_Assignment_:
Repeat each entry word for word.

_Data supplied_:
_ _ _ _ _

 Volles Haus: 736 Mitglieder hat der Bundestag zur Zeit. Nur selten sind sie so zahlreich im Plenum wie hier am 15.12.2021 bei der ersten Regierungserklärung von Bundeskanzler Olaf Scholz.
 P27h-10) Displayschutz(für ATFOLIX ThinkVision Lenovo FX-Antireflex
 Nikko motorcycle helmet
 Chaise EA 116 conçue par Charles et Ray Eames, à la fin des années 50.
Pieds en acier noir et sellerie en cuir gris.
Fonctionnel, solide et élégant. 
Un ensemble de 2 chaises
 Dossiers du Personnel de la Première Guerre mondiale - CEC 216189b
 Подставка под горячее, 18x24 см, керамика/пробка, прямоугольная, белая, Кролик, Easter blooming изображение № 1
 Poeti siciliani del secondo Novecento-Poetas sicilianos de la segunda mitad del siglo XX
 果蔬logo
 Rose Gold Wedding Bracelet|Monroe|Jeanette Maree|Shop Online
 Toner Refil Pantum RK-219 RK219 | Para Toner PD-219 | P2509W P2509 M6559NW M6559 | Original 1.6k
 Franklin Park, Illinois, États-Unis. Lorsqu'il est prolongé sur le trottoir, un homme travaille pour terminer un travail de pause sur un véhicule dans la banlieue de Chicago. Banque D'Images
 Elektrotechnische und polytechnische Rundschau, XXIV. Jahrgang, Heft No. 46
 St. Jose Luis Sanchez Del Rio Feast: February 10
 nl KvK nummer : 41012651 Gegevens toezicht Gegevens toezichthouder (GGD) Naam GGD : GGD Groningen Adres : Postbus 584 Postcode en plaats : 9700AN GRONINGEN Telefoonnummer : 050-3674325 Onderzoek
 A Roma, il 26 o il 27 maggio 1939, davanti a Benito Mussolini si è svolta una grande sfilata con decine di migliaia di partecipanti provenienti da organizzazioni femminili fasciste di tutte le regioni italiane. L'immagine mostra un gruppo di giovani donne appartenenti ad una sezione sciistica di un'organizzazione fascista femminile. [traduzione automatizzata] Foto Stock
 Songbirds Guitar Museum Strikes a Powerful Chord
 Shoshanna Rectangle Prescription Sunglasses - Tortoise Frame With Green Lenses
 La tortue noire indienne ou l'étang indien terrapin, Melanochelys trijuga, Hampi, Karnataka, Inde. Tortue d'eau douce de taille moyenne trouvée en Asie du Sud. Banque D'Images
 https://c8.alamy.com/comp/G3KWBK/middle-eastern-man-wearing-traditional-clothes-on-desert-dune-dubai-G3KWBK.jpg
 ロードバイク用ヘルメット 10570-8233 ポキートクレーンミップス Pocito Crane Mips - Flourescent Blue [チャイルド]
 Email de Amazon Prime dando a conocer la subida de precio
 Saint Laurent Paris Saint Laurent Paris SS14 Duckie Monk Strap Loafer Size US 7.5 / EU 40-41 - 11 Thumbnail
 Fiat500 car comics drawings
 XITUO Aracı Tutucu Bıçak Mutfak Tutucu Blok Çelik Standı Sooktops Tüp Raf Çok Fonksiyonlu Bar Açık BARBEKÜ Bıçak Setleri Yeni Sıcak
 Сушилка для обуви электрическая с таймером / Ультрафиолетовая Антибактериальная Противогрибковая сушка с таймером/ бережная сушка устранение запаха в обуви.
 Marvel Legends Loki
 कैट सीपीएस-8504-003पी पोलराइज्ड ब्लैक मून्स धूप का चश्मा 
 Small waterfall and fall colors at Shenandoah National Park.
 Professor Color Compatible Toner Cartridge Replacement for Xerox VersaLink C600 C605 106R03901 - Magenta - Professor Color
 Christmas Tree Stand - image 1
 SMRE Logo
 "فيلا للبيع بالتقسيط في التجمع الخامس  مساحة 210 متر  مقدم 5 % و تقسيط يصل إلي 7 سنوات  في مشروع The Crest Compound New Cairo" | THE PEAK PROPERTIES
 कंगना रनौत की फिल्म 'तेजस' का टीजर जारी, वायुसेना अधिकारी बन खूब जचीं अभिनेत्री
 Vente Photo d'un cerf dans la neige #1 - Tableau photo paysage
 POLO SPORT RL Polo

_ _ _ _ _

_Response box_:
 Volles Haus: 736 Mitglieder hat der Bundestag zur Zeit. Nur selten sind sie so zahlreich im Plenum wie hier am 15.12.2021 bei der ersten Regierungserklärung von Bundeskanzler Olaf Scholz.
 P27h-10) Displayschutz(für ATFOLIX ThinkVision Lenovo FX-Antireflex
 Nikko motorcycle helmet
 Chaise EA 116 conçue par Charles et Ray Eames, à la fin des années 50.
Pieds en acier noir et sellerie en cuir gris.
Fonctionnel, solide et élégant. 
Un ensemble de 2 chaises
 Dossiers du Personnel de la Première Guerre mondiale - CEC 216189b
 Подставка под горячее, 18x24 см, керамика/пробка, прямоугольная, белая, Кролик, Easter blooming изображение № 1
 Poeti siciliani del secondo Novecento-Poetas sicilianos de la segunda mitad del siglo XX
 果蔬logo
 Rose Gold Wedding Bracelet|Monroe|Jeanette Maree|Shop Online
 Toner Refil Pantum RK-219 RK219 | Para Toner PD-219 | P2509W P2509 M6559NW M6559 | Original 1.6k
 Franklin Park, Illinois, États-Unis. Lorsqu'il est prolongé sur le trottoir, un homme travaille pour terminer un travail de pause sur un véhicule dans la banlieue de Chicago. Banque D'Images
 Elektrotechnische und polytechnische Rundschau, XXIV. Jahrgang, Heft No. 46
 St. Jose Luis Sanchez Del Rio Feast: February 10
 nl KvK nummer : 41012651 Gegevens toezicht Gegevens toezichthouder (GGD) Naam GGD : GGD Groningen Adres : Postbus 584 Postcode en plaats : 9700AN GRONINGEN Telefoonnummer : 050-3674325 Onderzoek
 A Roma, il 26 o il 27 maggio 1939, davanti a Benito Mussolini si è svolta una grande sfilata con decine di migliaia di partecipanti provenienti da organizzazioni femminili fasciste di tutte le regioni italiane. L'immagine mostra un gruppo di giovani donne appartenenti ad una sezione sciistica di un'organizzazione fascista femminile. [traduzione automatizzata] Foto Stock
 Songbirds Guitar Museum Strikes a Powerful Chord
 Shoshanna Rectangle Prescription Sunglasses - Tortoise Frame With Green Lenses
 La tortue noire indienne ou l'étang indien terrapin, Melanochelys trijuga, Hampi, Karnataka, Inde. Tortue d'eau douce de taille moyenne trouvée en Asie du Sud. Banque D'Images
 https://c8.alamy.com/comp/G3KWBK/middle-eastern-man-wearing-traditional-clothes-on-desert-dune-dubai-G3KWBK.jpg
 ロードバイク用ヘルメット 10570-8233 ポキートクレーンミップス Pocito Crane Mips - Flourescent Blue [チャイルド]
 Email de Amazon Prime dando a conocer la subida de precio
 Saint Laurent Paris Saint Laurent Paris SS14 Duckie Monk Strap Loafer Size US 7.5 / EU 40-41 - 11 Thumbnail
 Fiat500 car comics drawings
 XITUO Aracı Tutucu Bıçak Mutfak Tutucu Blok Çelik Standı Sooktops Tüp Raf Çok Fonksiyonlu Bar Açık BARBEKÜ Bıçak Setleri Yeni Sıcak
 Сушилка для обуви электрическая с таймером / Ультрафиолетовая Антибактериальная Противогрибковая сушка с таймером/ бережная сушка устранение запаха в обуви.
 Marvel Legends Loki
 कैट सीपीएस-8504-003पी पोलराइज्ड ब्लैक मून्स धूप का चश्मा 
 Small waterfall and fall colors at Shenandoah National Park.
 Professor Color Compatible Toner Cartridge Replacement for Xerox VersaLink C600 C605 106R03901 - Magenta - Professor Color
 Christmas Tree Stand - image 1
 SMRE Logo
 "فيلا للبيع بالتقسيط في التجمع الخامس  مساحة 210 متر  مقدم 5 % و تقسيط يصل إلي 7 سنوات  في مشروع The Crest Compound New Cairo" | THE PEAK PROPERTIES
 कंगना रनौत की फिल्म 'तेजस' का टीजर जारी, वायुसेना अधिकारी बन खूब जचीं अभिनेत्री
 Vente Photo d'un cerf dans la neige #1 - Tableau photo paysage
 POLO SPORT RL Polo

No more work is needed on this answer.